Week 15: Ironic

I published this piece quite a while ago. Though I enjoy the art of public record-keeping, you should know it may no longer reflect my views.

Brushing my teeth on Friday morning, I think about the weekend ahead, secretly complaining that my social engagements will keep me from getting the rest I need. Then I remember Easter Monday. The true marker of my mid-thirties is the excitement I feel at the prospect of a bed, and nothing but it.

I hold a baby this week, one of my favorite ones. His face has two states that exist simultaneously: the one of utter shock and surprise only newborns can have, and the one that reminds you that babies know everything about the world and forget it as soon as they start to speak. He laughs when I bop his nose, although I quickly learn that the force with which I bop Anja’s adult nose shan’t be applied here.

There’s a French bakery in Amsterdam that I visit on Wednesday with my colleague Ruby. Since their actual oven is somewhere else, I wonder if the shop even calls itself a bakery. After all, French standards would forbid it. The caramel éclair reminds me of that time at Un Dimanche à Paris, a high I’ve been chasing since mid-2018. The bread has been in the window too long. I ask if they have plastic bags, and I’m told no. I say I think that should be illegal in bakeries.

My childhood friend Mathilde comes for dinner on Sunday. Anja and I are giddy with excitement. In preparation, we practice our harmonies to Alanis Morissette’s “Ironic"over voice messages. Her husband asks her if she, too, heard the cat meowing. We’re celebrating her birthday, and I got her gifts at Java Bookshop. When I ask them about the East-Asian gay guy who writes letters to his mom, they immediately give me Ocean Vuong’s new book of poetry. Seeing her again, I better understand what It means to have a soulmate. I sing so loud I give myself a migraine. It’s worth it.

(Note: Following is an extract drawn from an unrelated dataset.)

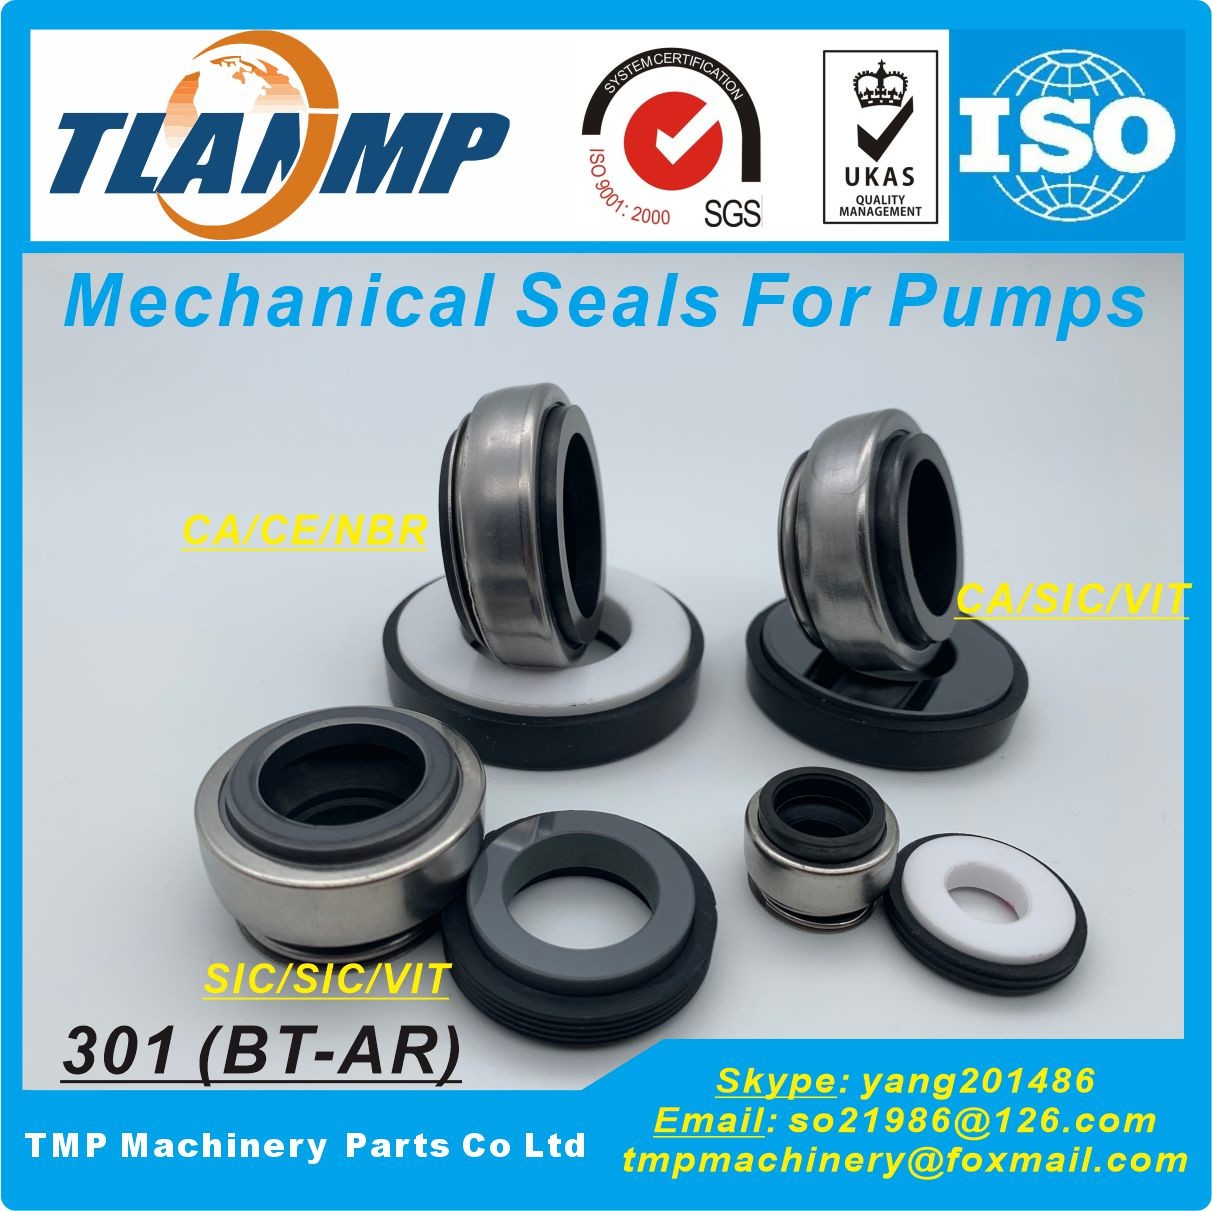 301-32 (BT-AR-32) TLANMP Mechanical Seals For Water Pumps|Equivalent to  BTAR Seal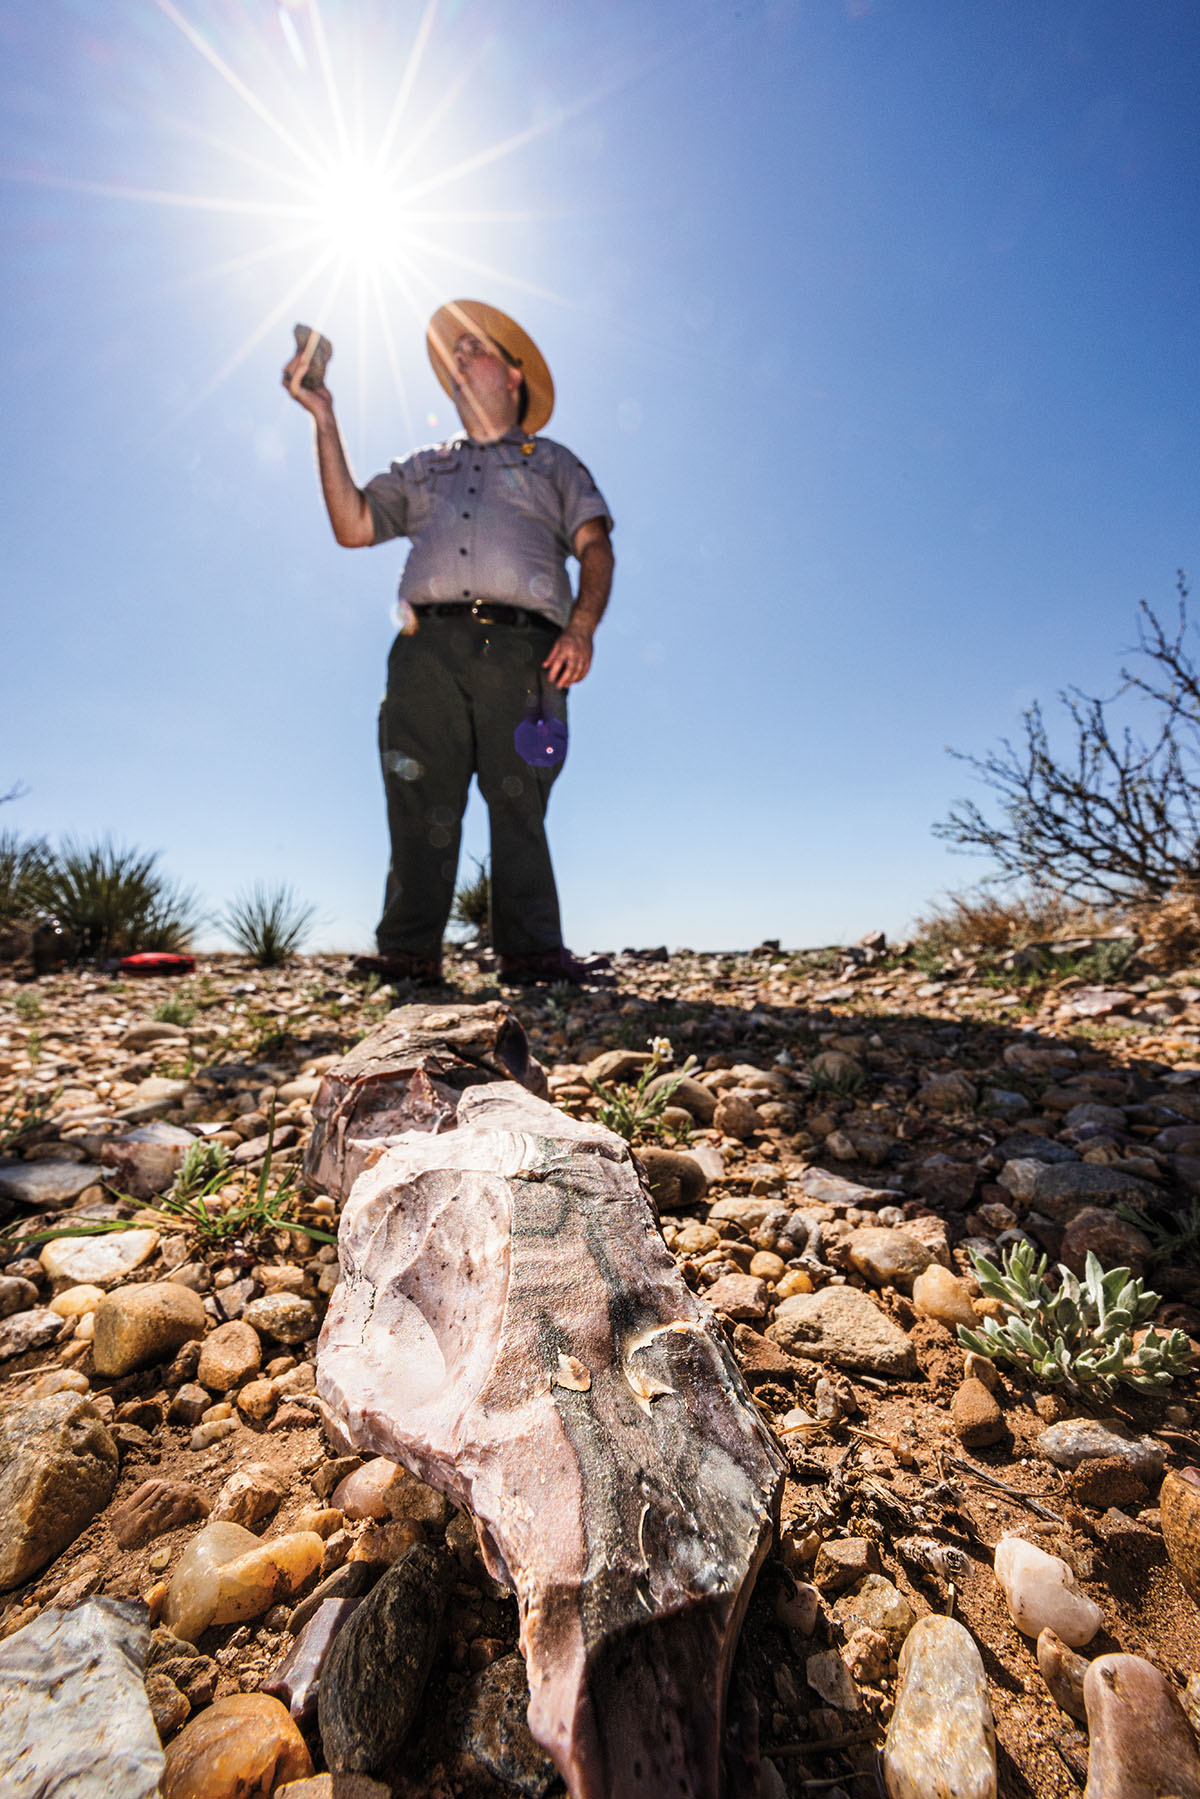 A National Parks Service ranger holds a specimen in the sunlight on a rocky landscape in front of a unique rock formation

It took a while before I settled into a suitable solution for the way I produce content on this website. I write Markdown, and had set up mdx in case I ever needed some more complexity in my content files. I would mostly update content through my desktop client, but have Working Copy for iOS installed, which I enjoy as much as anyone could enjoy a touchscreen Git client. I was missing some functionalities that are natural to the way I generally write, and so I decided to move my content into an Obsidian vault. I could make a spiel about how I love the “slow web”-ness of writing things on my phone and only publishing them when I’m on my computer, but I simply haven’t figured out how to do it any other way.